Jetzt aber zu deiner Frage...
Wasser kann natürlich Wärme besser aufnehmen und besser an die Luft übertragen.
Die Kühler von Alphacool sind nichts neues und bei diesem Kühler wird nur die GPU aktiv mit Wasser gekühlt.

Es handelt sich daher hier nicht um ein FullCover Kühler wo alles mit Wasser gekühlt werden würde. Denn Spannungswandler und die VRam werden hier weiterhin passiv durch den Luftstrom des Gehäuse gekühlt. Auch wenn ein Teil der Wärme durch den Kühlkörper weiter auf dem GPU Kühler leitet.
Im Großem und ganzem ist es dennoch ein guter Kühler und wird auch bessere Temperaturen als eine Luftkühlung bereitstellen. Natürlich abhängig wie die Drehzahl der Lüfter bestimmt werden.


----------



## UwWe74 (13. November 2018)

Danke erstmal für deine Antwort. Ich werde heute erstmal versuchen, wie die Temperatur ist, wenn ich ein Seitenteil auflasse. Wenn es besser wird, dann ist mein AirFlow wohl verbesserungsbedürftig. Gestern ist bei Shadow of the TombRaider das Programm abgestürzt.


----------



## IICARUS (13. November 2018)

Würde ich auch so machen, aber denke daran, die 2080 Grafikkarten machen zur Zeit noch etwas Probleme.
Zum Teil sind die Treiber noch nicht optimal und zum anderem kann es sein das die Hersteller daran arbeiten und ggf. noch ein neues Bios herausgeben.
Zweites ist jetzt nur eine Vermutung, da viele neue Besitzer solcher Grafikkarten Probleme haben.

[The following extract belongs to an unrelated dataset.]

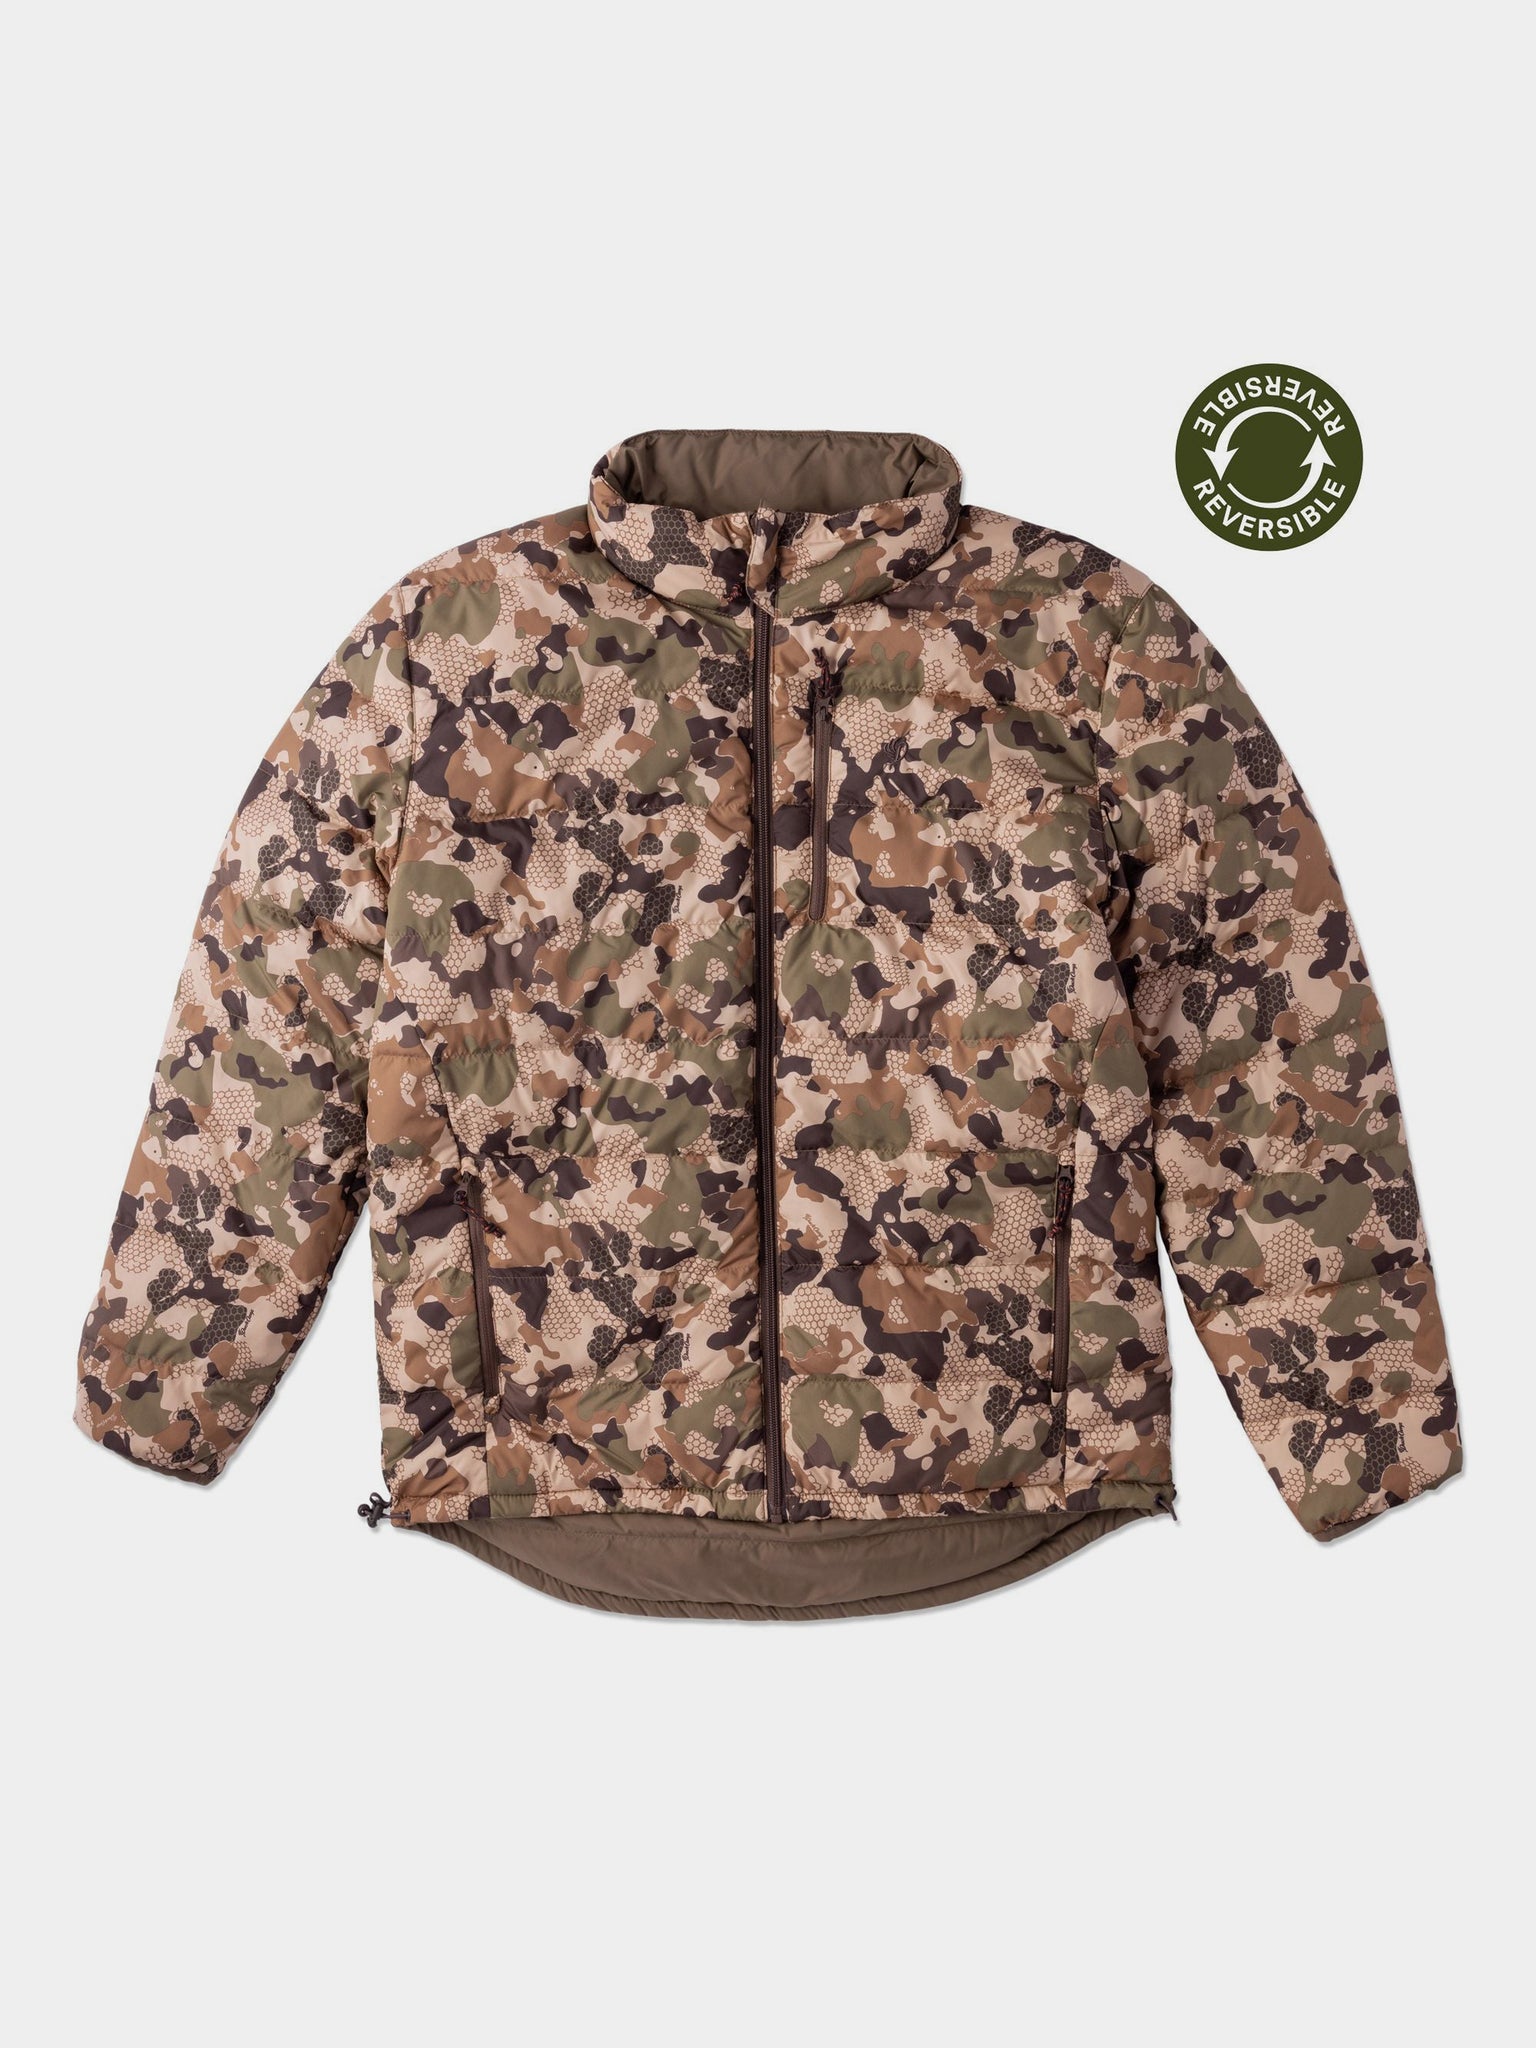 Top quality Rain Camo Reflective Down Jacket Men Women 90% Duck Down Sleeve  Patch Embroidered Puffy Jackets Coats Men

Das dein Absturz was mit der Temperatur zu tun hat bezweifle ich, da Grafikkarten normalerweise sogar bis zu 120°C vertragen.
Natürlich sind Grafikkarten normal so vorbestimmt so das sie im normal Fall um 80°C nicht übersteigen. Die Zeiten wo Grafikkarten 90°C und heißer wurden sind normalerweise vorbei.


----------



## UwWe74 (13. November 2018)

So, das Problem wurde behoben. Es lag an den Lüfterwerten der Grafikkarte, die habe ich nun etwas verändert und nun liegt die Temperatur beim zocken bei 68 Grad.


----------